Some have wondered if GRDA must follow the SPP directives to shed load and participate in the coordinated interruptions.

All electrical power generation owners such as GRDA that are in the SPP are required to participate in the reductions, even if they have sufficient resources to meet their own demand.

The EEA 3 level indicates that the resource margins that normally exist had been exhausted.

When maximum generation capacity is less than the demand, the demand on the electric system must be reduced to match the generation capacity to keep the grid stable.

This controlled reduction allows the system to stay in balance and to ensure that service can be restored at a predictable time.

Without the controlled and coordinated interruptions, a cascading series of blackouts could occur that disrupt the grid, much like an ice storm, which creates uncertainty as to when service can be restored.

This is what our neighbors in Texas suffered, with millions of electrical customers being impacted by uncontrolled electric blackouts.

The question that has been asked by many has been, how did we get to this condition of coordinated interruption of service (load shedding)?

We were literally faced with the circumstances of the perfect storm that resulted in negative impacts on our electrical system.

Record cold temperatures are very hard on equipment and delivery systems.

Gas producers were unable to gather gas into delivery systems because of frozen equipment and compressing stations.

With limited supply, even GRDA was restricted in our ability to operate our natural gas-powered generator at full load because of the lack of enough fuel.

Plus, natural gas that was available was trading at approximately 100x of the usual prices.

The wind generators that electric companies rely on were not providing sufficient generation to help meet demand.

Extremely cold temperatures created high demands for energy with record winter peak demands.

The impacts of this situation were seen across the entire SPP footprint.

Why doesn’t this happen during peak periods in the summer?

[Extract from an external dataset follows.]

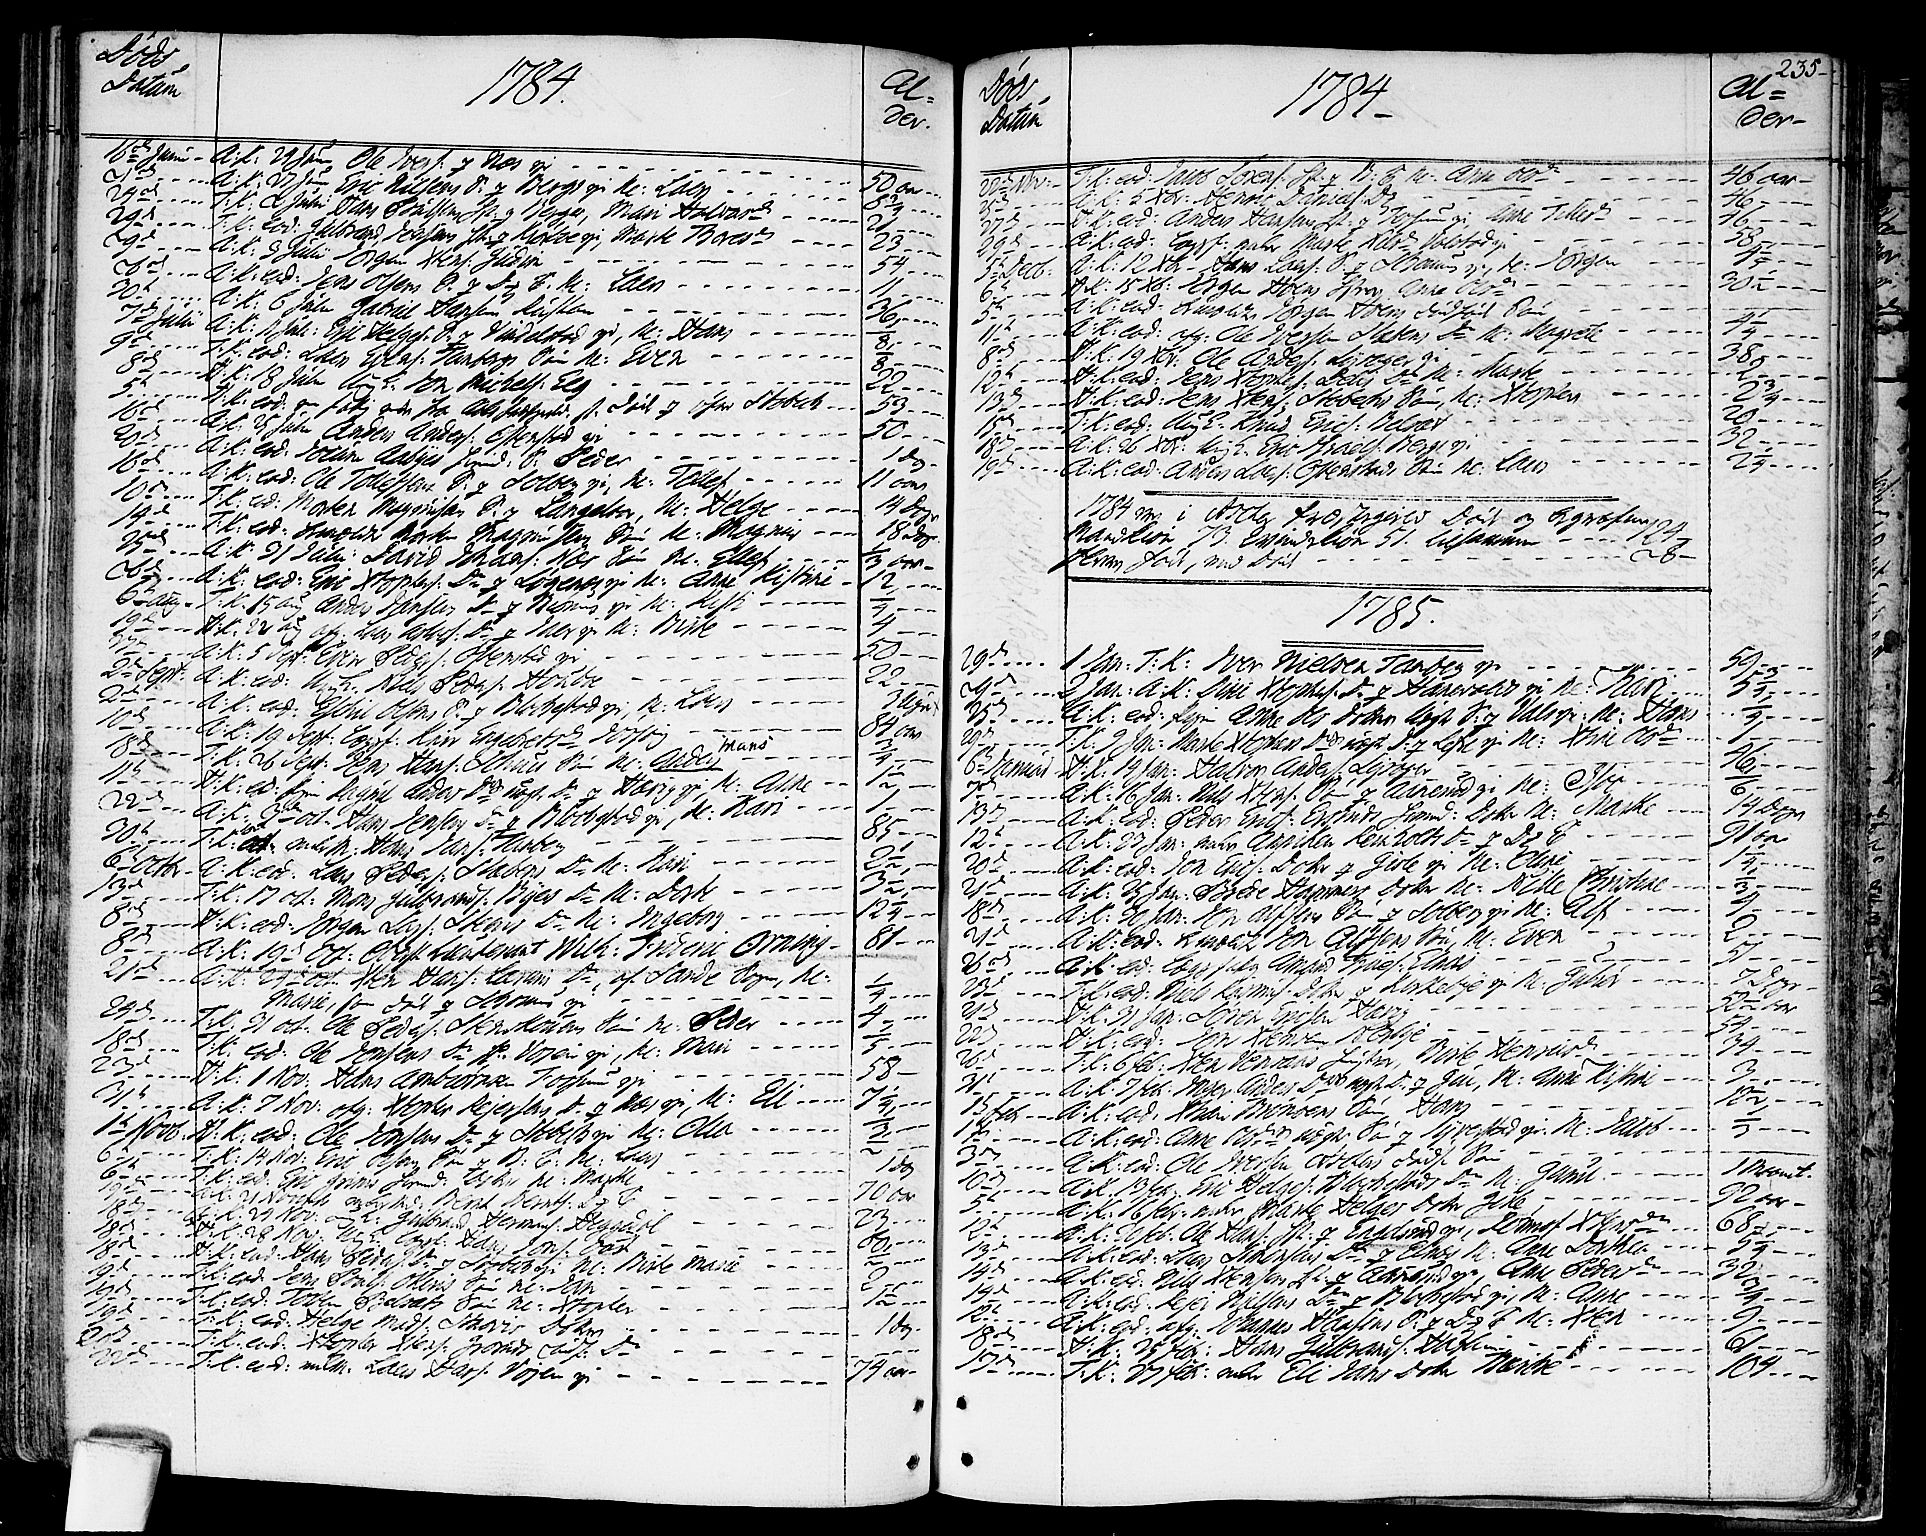 SAO, Asker prestekontor Kirkebøker, F/Fa/L0003: Ministerialbok nr. I 3, 1767-1807, s. 235

Again, the perfect storm analogy works because you have record high demands on the electric system, such as we see during peak summer months, but we also had the extremely high demand on the natural gas system for home heating that we don’t have in the summer combined with the failure in gas delivery systems caused by extreme cold temperatures.

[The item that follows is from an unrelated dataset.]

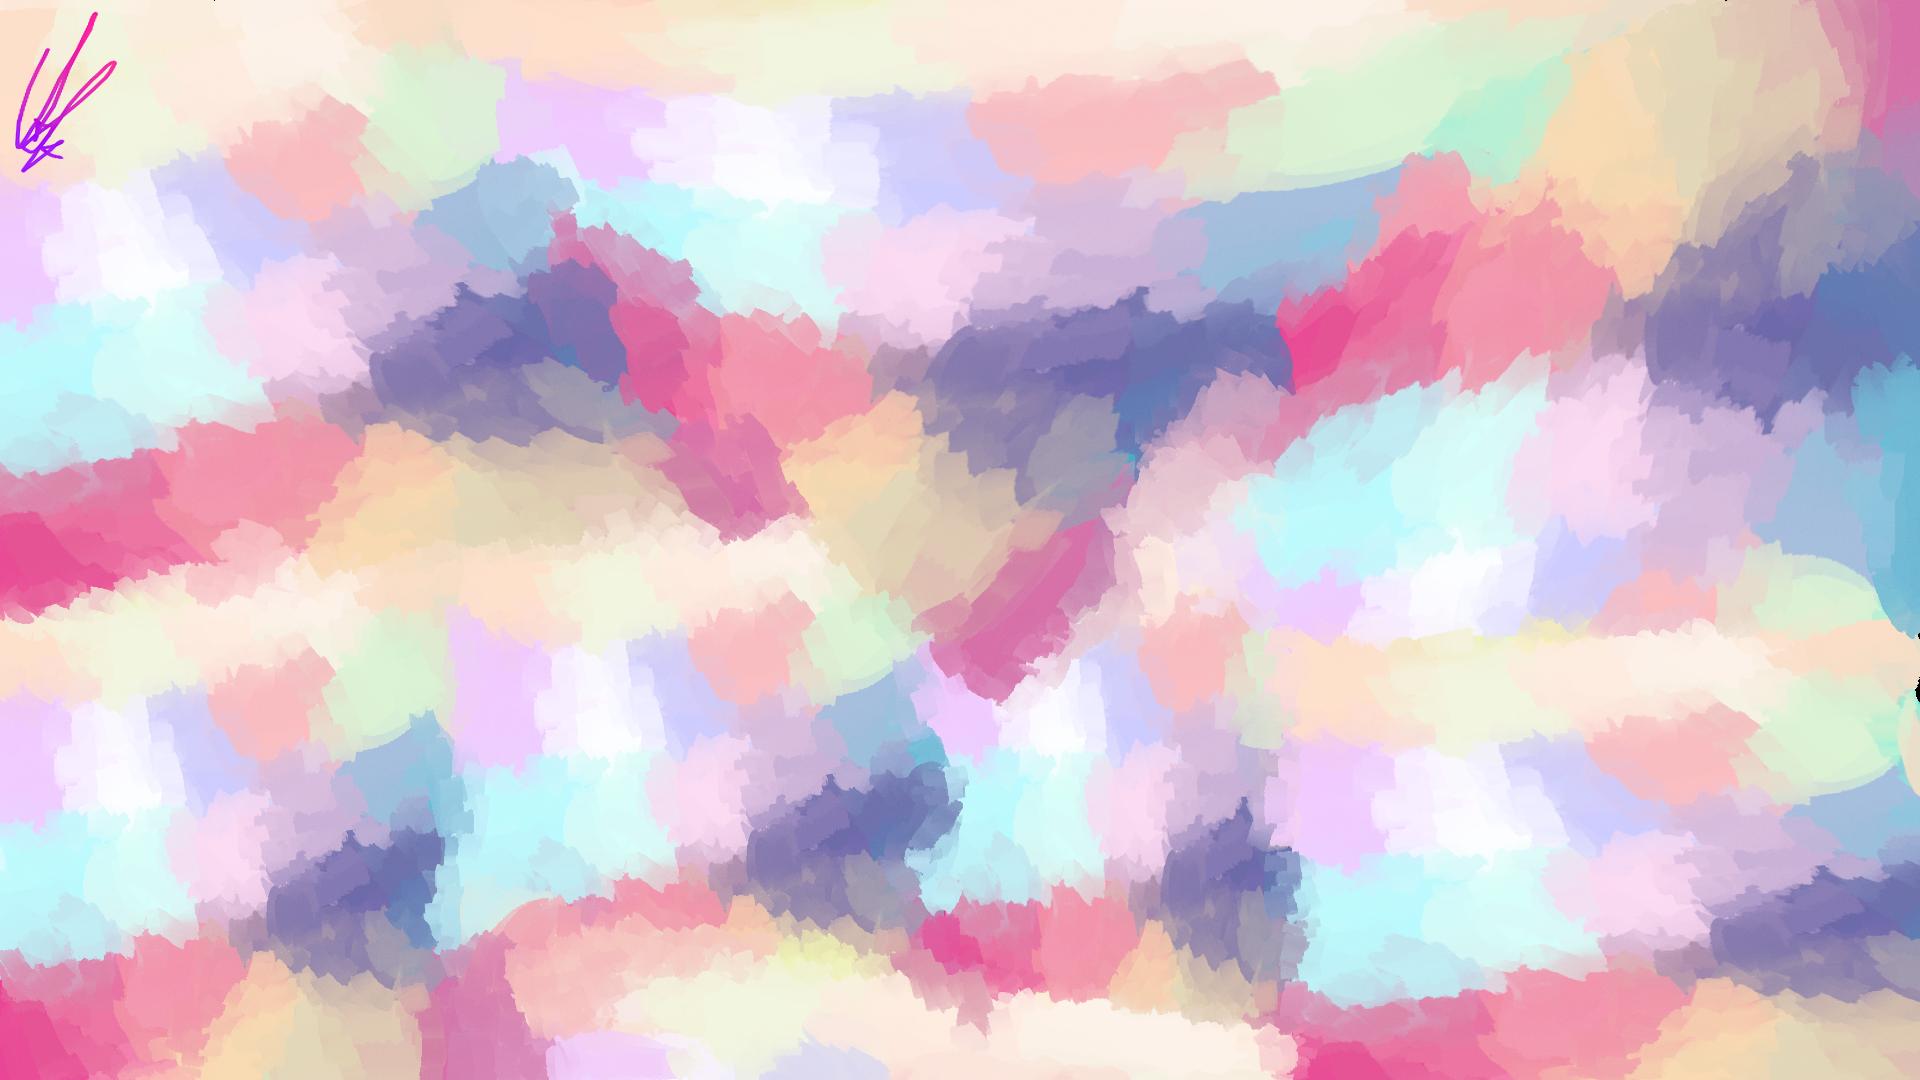 Pastel wallpaper by suppineiu 1920x1080

Limited availability of production means that generation and heating load create a demand that exceeds supply.

How does an electric company such as GRDA determine the power to be reduced and how long does it last?

GRDA is required to file a plan for load shedding with the National Energy Regulatory Commission as a mitigation strategy.

The predetermined plan places our customers in groups and the transmission system operators work down the list to match the reduction requirements with the load on individual delivery points within that load shed group.

A rotating pattern is continued throughout the emergency reduction period.

The goal was to keep the interruptions to one hour or less and then go to the next group until a directive is received from SPP to restore all interrupted loads. 

With lake levels being normal on Grand Lake last week, why did GRDA open floodgates resulting in a drop of lake levels?

The simple answer was to increase lake levels on Lake Hudson, which was below normal levels, to increase the pool level on that lake.

At one point, 21 floodgates were open at Pensacola Dam’s spillways.

This allowed GRDA to increase generation of electricity through hydro-electric generators on Grand, Hudson, and Holway lakes at a time when the needs for electricity were so high in the region.

While the reduction of reservoir elevations could have an impact on boat docks and increased hazards due to lower lake levels, this action was taken to provide for additional electric generation in the SPP footprint during a time of extreme and ongoing winter weather conditions.

It has not been since 2011 that we have had a winter storm that made the impact on our area that we faced in February 2021.

It will be one to be remembered.

As we look forward to warmer temperatures and better weather, we appreciate the fact that our local communities and state agencies have risen to the challenge to ensure the negative impacts of these events were as minimal as possible.